After parsing, the extracted content is summarized using Nvidia's API for better retrieval and analysis. The summarization process involves:
- Maintaining context and avoiding critical information loss.
- Summarizing both textual content and tables.
- Attaching metadata such as client name, document type, and file name.

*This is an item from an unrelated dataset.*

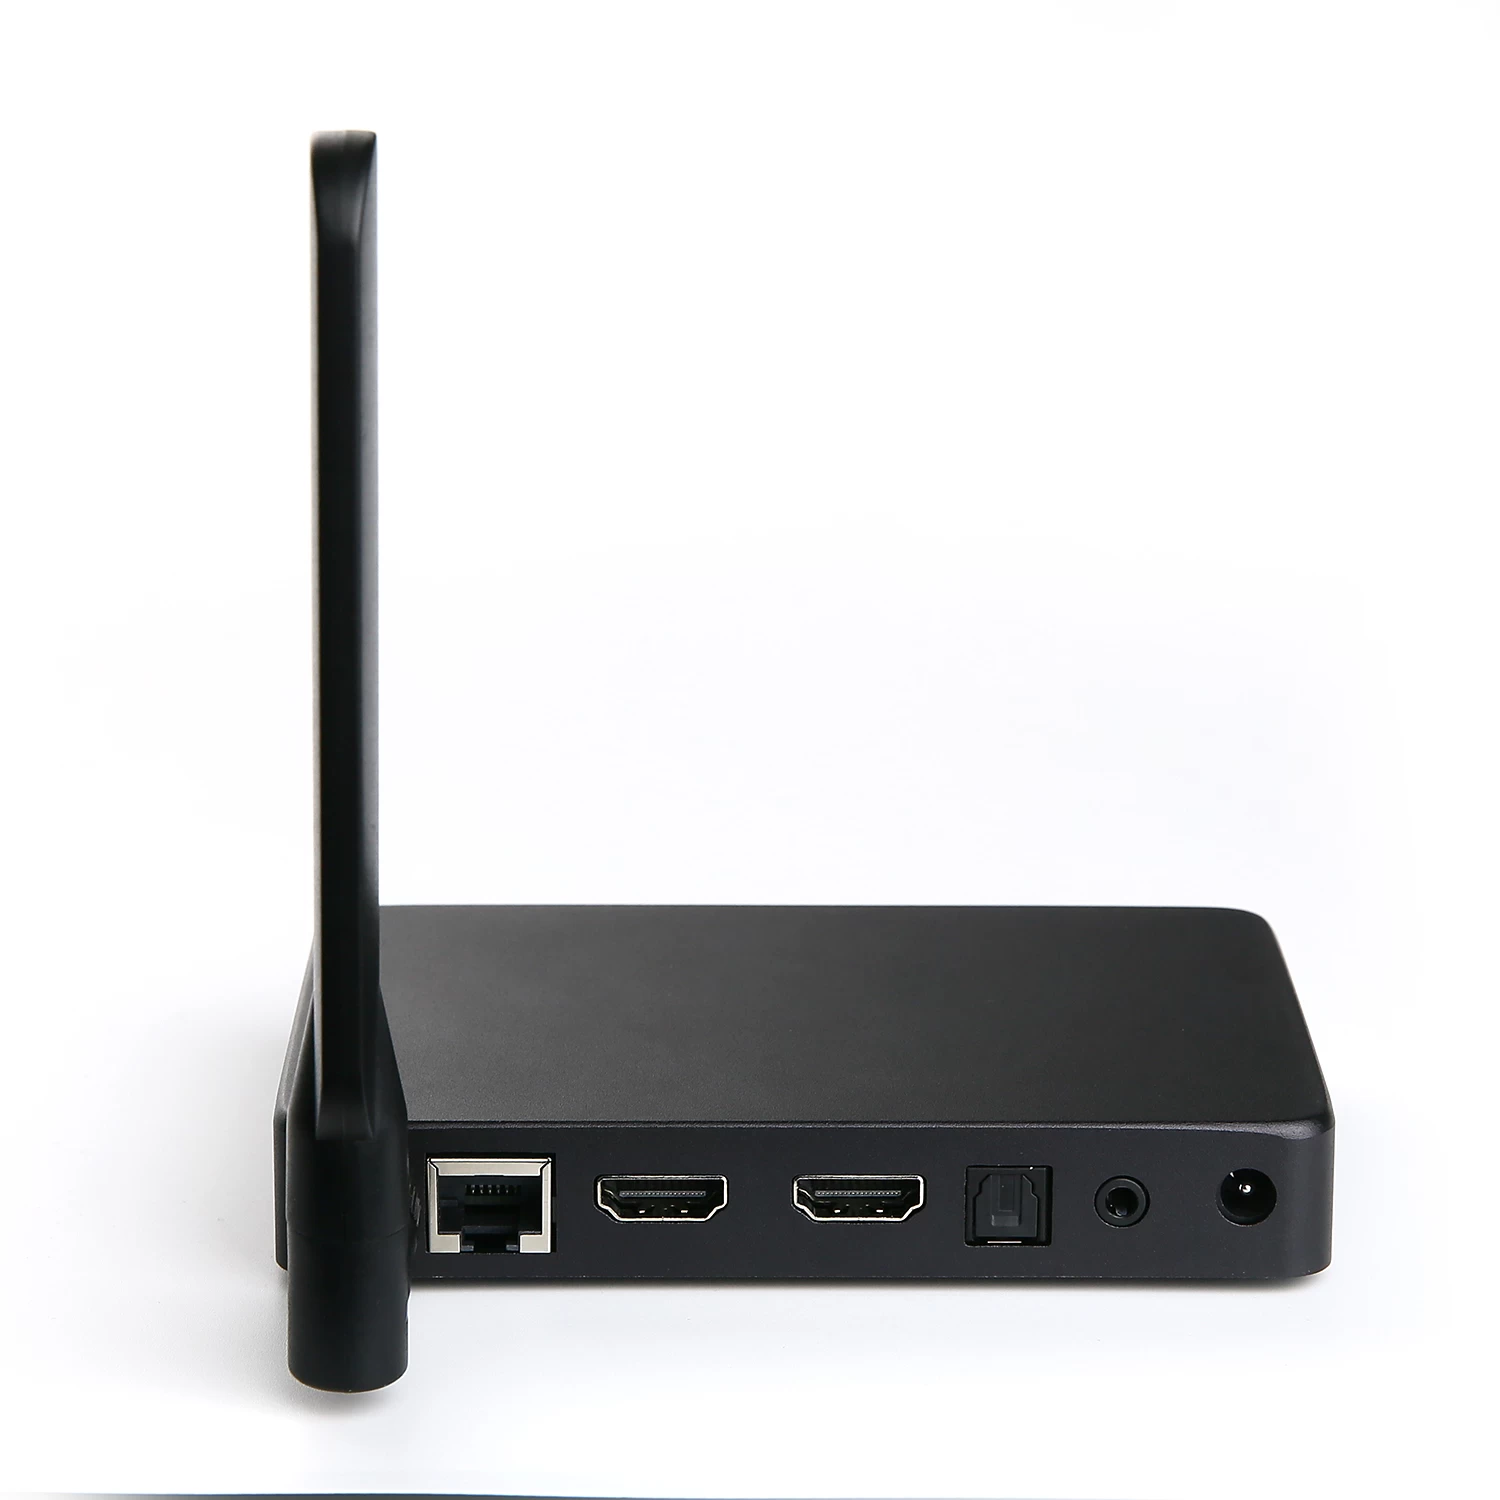 OEM TV Box Android manufacturer, OEM Android TV box suppliers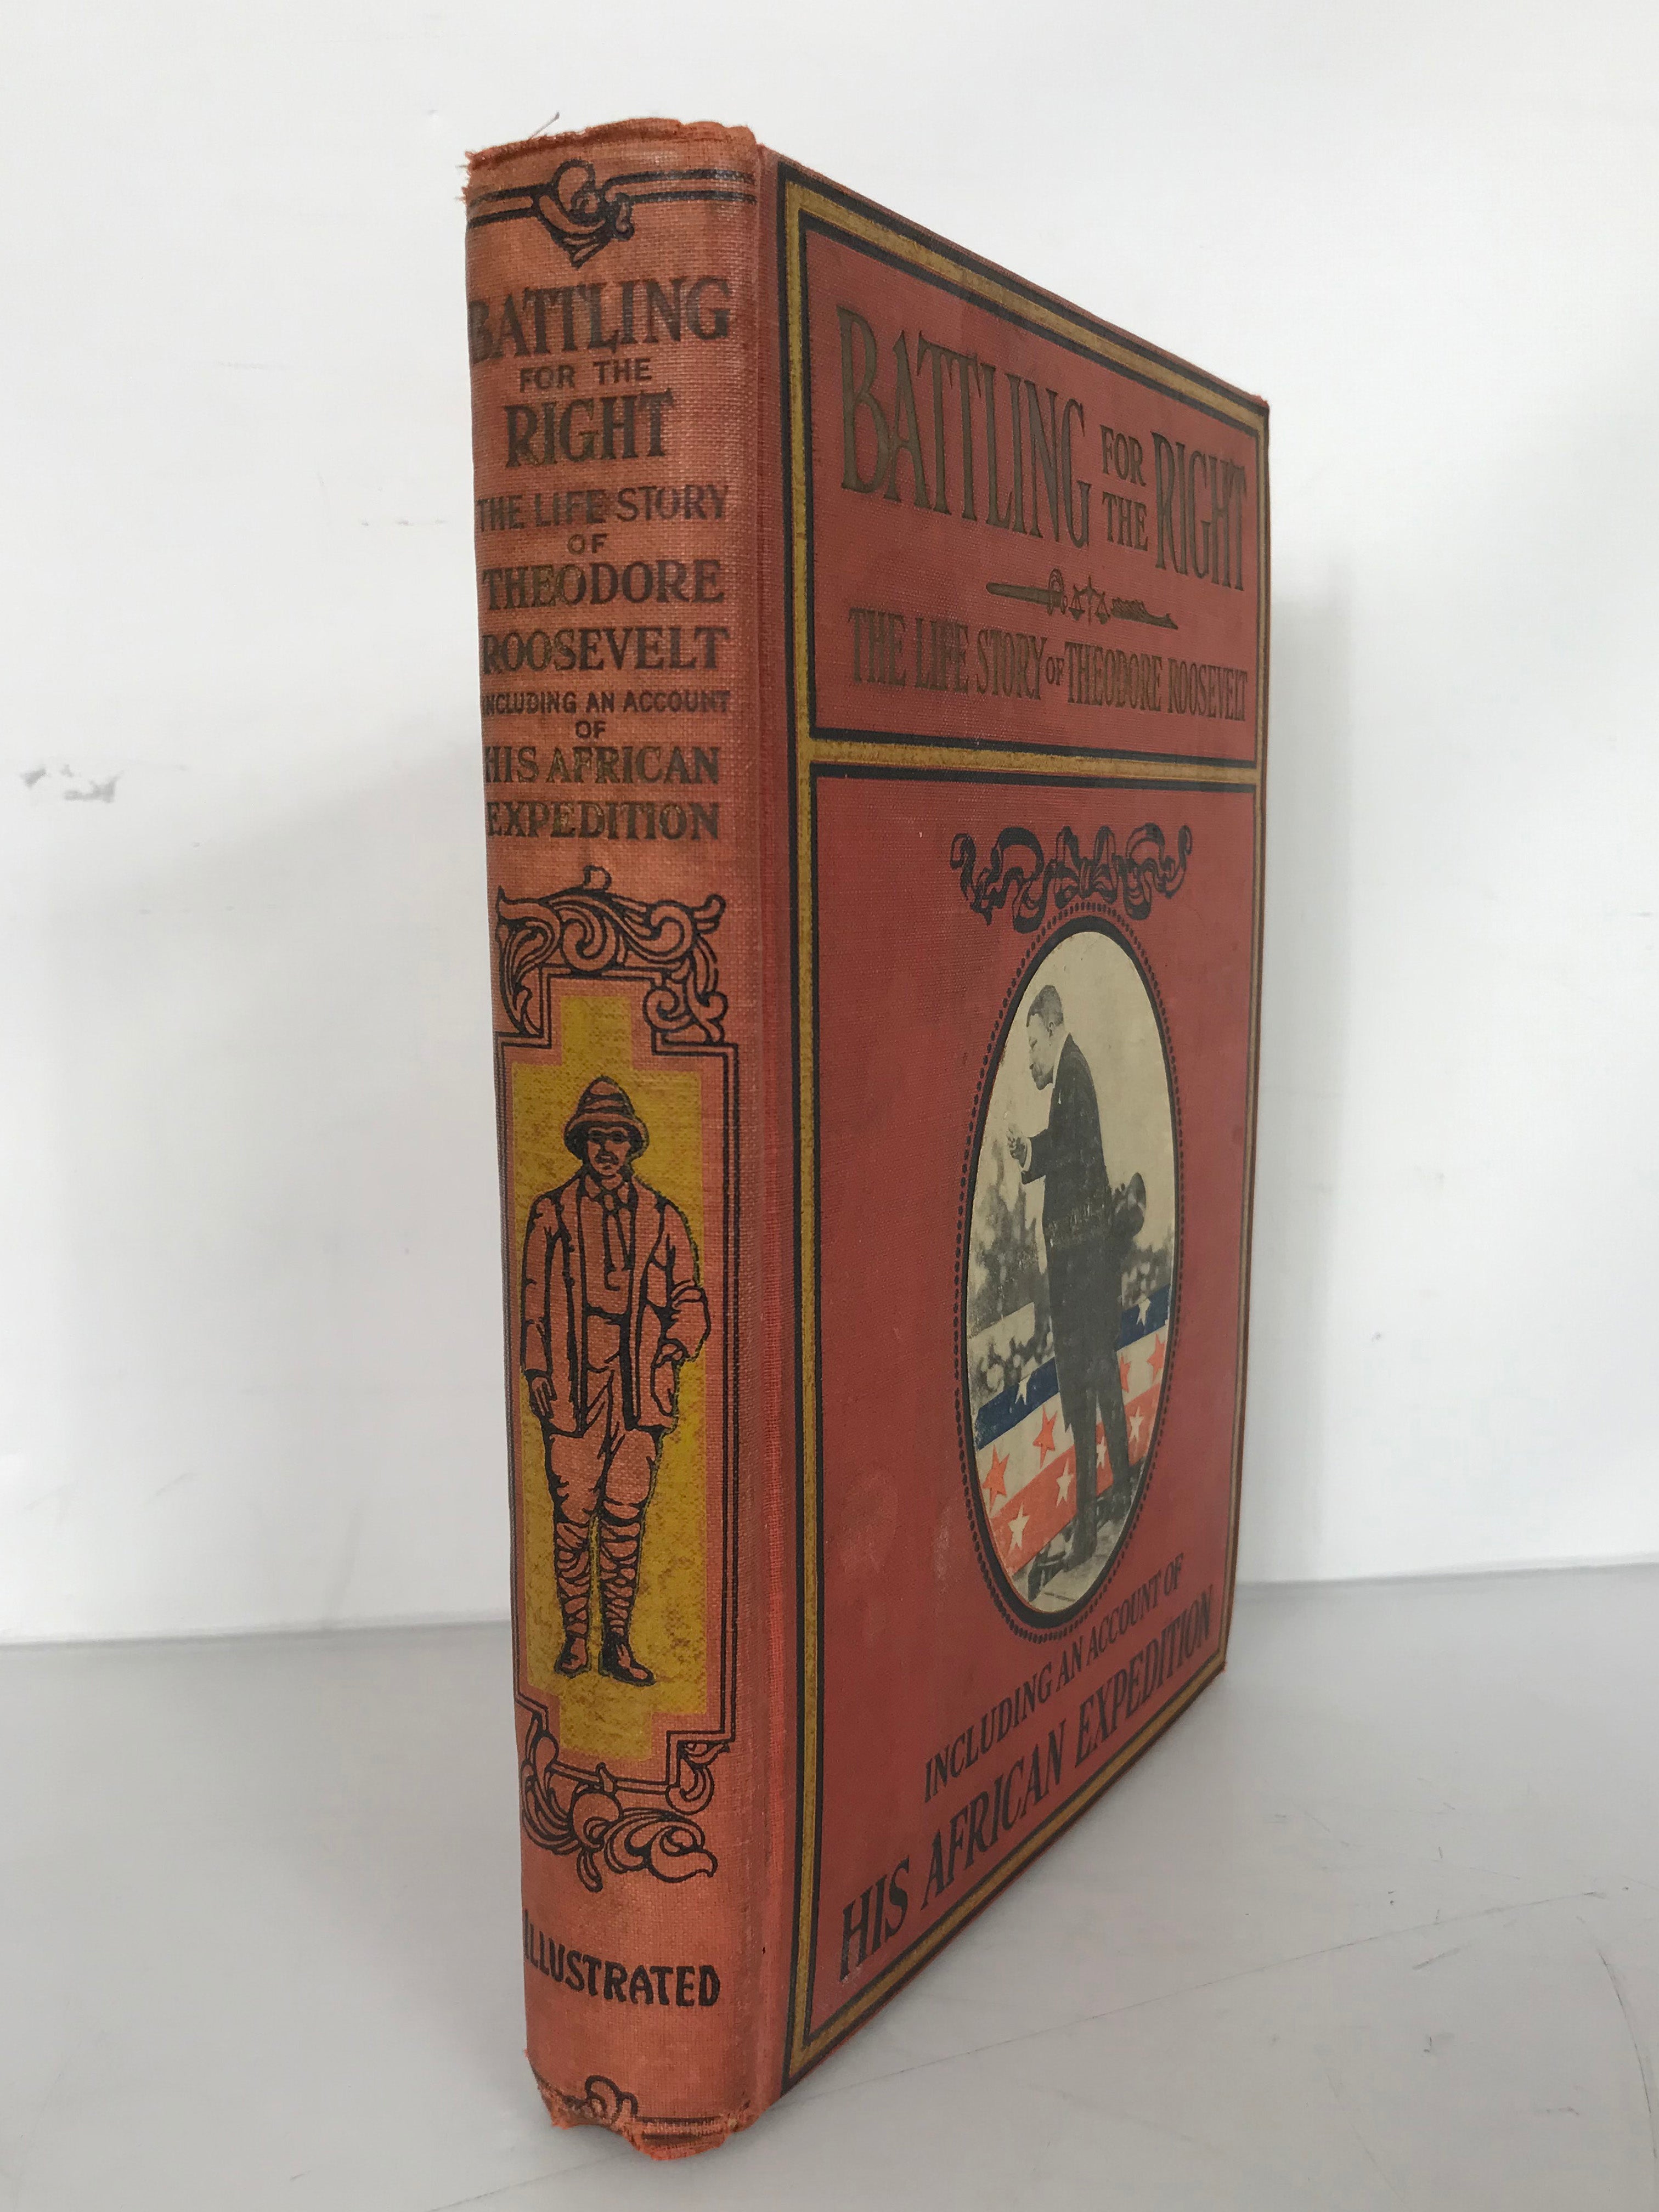 Battling for the Right The Life Story of Theodore Roosevelt 1910

from llama_parse import LlamaParse
from llama_index.core.node_parser import MarkdownElementNodeParser
from langchain import LLMChain, PromptTemplate
from langchain_nvidia_ai_endpoints import ChatNVIDIA
# Parsing and summarizing the document
path = 'path/to/your/document.pdf'
chunk_size = 1024
chunk_overlap = 200
client_name = 'JP'
doc_type = 'MSA Agreement'
docs, tables = process_and_attach_metadata(path, chunk_size, chunk_overlap, client_name, doc_type, ins1)
After summarization, the extracted and summarized text and tables are embedded using HuggingFace's Sentence Transformer (all-mpnet-base-v2
) and stored in Pinecone for efficient vector-based similarity search.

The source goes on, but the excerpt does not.